Приближался день великого праздника жизни, который позже назовут Ивана Купала. Как он тогда назывался – я не помню. Скорее всего – никак. Потому что тогда мы еще были зрячими, видящими. И нам не надо было многое называть – мы просто видели это… Это был день, когда вся природа достигая высшей точки силы и наполнения наконец-то рожалась и рожала новую жизнь, новую годину. И мы тоже были полны сил, и стремления продолжить жизнь и себя на этой земле.
Вечером, когда солнце уже покатилось к закату, после целого дня песен, плясок, молодецких и девичьих забав, пришла пора выбора… Каждый, кто еще способен был в эту ночь к любви должен бы найти свою пару. Бабы, после долгих приготовлений, наконец привели наших прелестных «пленниц» к реке, на краю леса. Так трудно сейчас вспомнить те былые слова, хотя, может, их и не было тогда. Но девки были и пленницами и нет… Многие из них были рады такой судьбе, а остальные уже смирились и ждали нового и неведомого, немного боясь и в то же время желая его. Однако все они знали, что у русов насильно не выдают замуж – такое было возможно лишь в некоторых из тех далеких краев, откуда мы увезли их.
По обычаю, девок завели в реку, где они и стояли в ряд, обнаженные и прекрасные, по грудь в воде, которая, как казалось, не скрывала, а наоборот подчеркивала всю их красоту.
Пришла пора выбора. Я не был лучшим, но в этом походе мне удалось особо отличиться, за что мне и было предоставлено право выбирать первому. Но была и еще одна важная причина, которую знал, а точнее видел наш бояр (именно так тогда звали мы своих вождей). А как же иначе? Он ведь и бояром был не только потому, что лучше всех двигался, сметливее и живей думал, но самое главное – лучше всех видел, а значит - мог взаимодействовать с миром сил лучше всех.
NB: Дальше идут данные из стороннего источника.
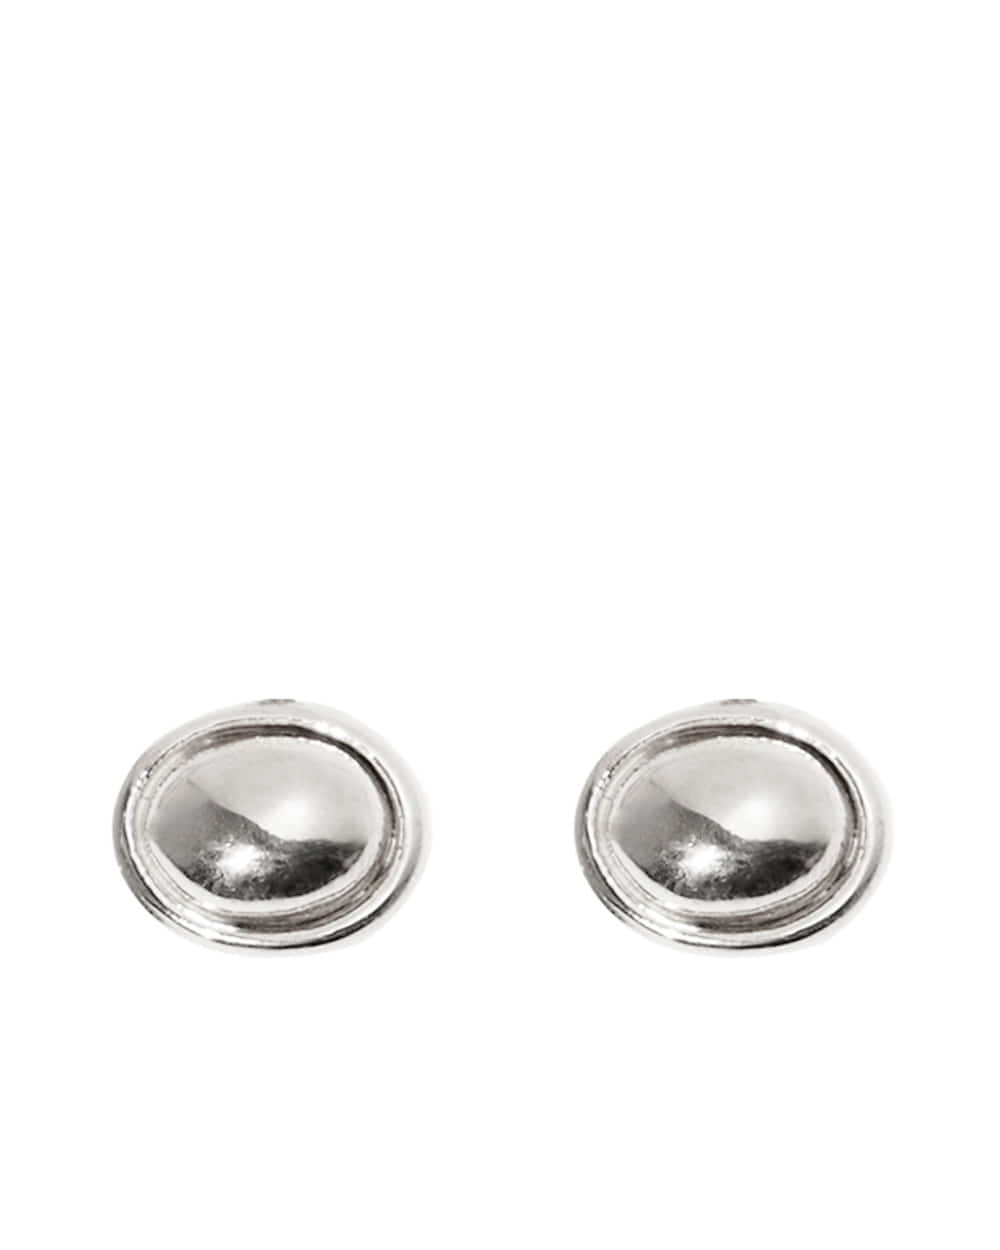 Noel silverstone earring / Silver
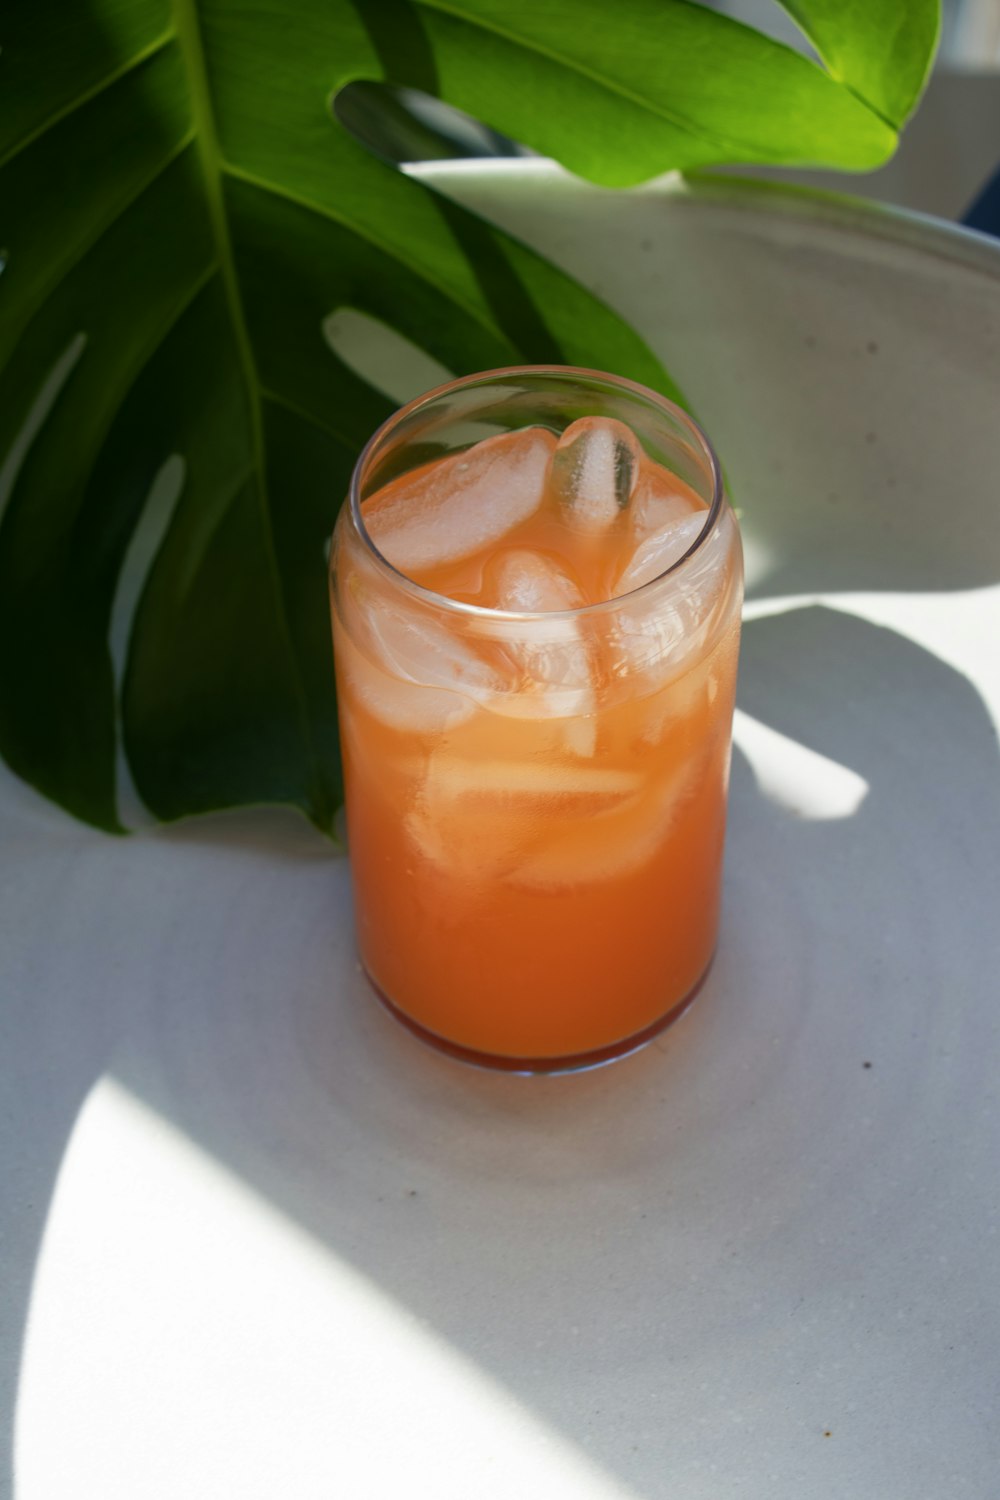 Vaso transparente con líquido naranja en plato redondo blanco

Но это уже другая история…
Вокруг горели огненные колеса, шумели ели и сосны, журчала река и текла песня… что-то вроде:
Трава, моя травушка, зеленой лужочек,
Зеленой лужочек, миленький дружочек,
Как по этой травушке хожу…
Пришла пора делать выбор, и я неспеша пошел вдоль берега, искренне любуясь красотой игравшей в водах реки. Девки здесь были разные: и смуглые с глазами, как щелочки, и стройные гречанки и многие другие, которые, я уж и не помню, как звались. Ходили-то мы тогда далеко… По другому умели ходить – по волчьему… Девки старались показать всю свою красоту души и тела, каждая из них уже знала, что та, которая будет выбрана первой - удостоится великой чести.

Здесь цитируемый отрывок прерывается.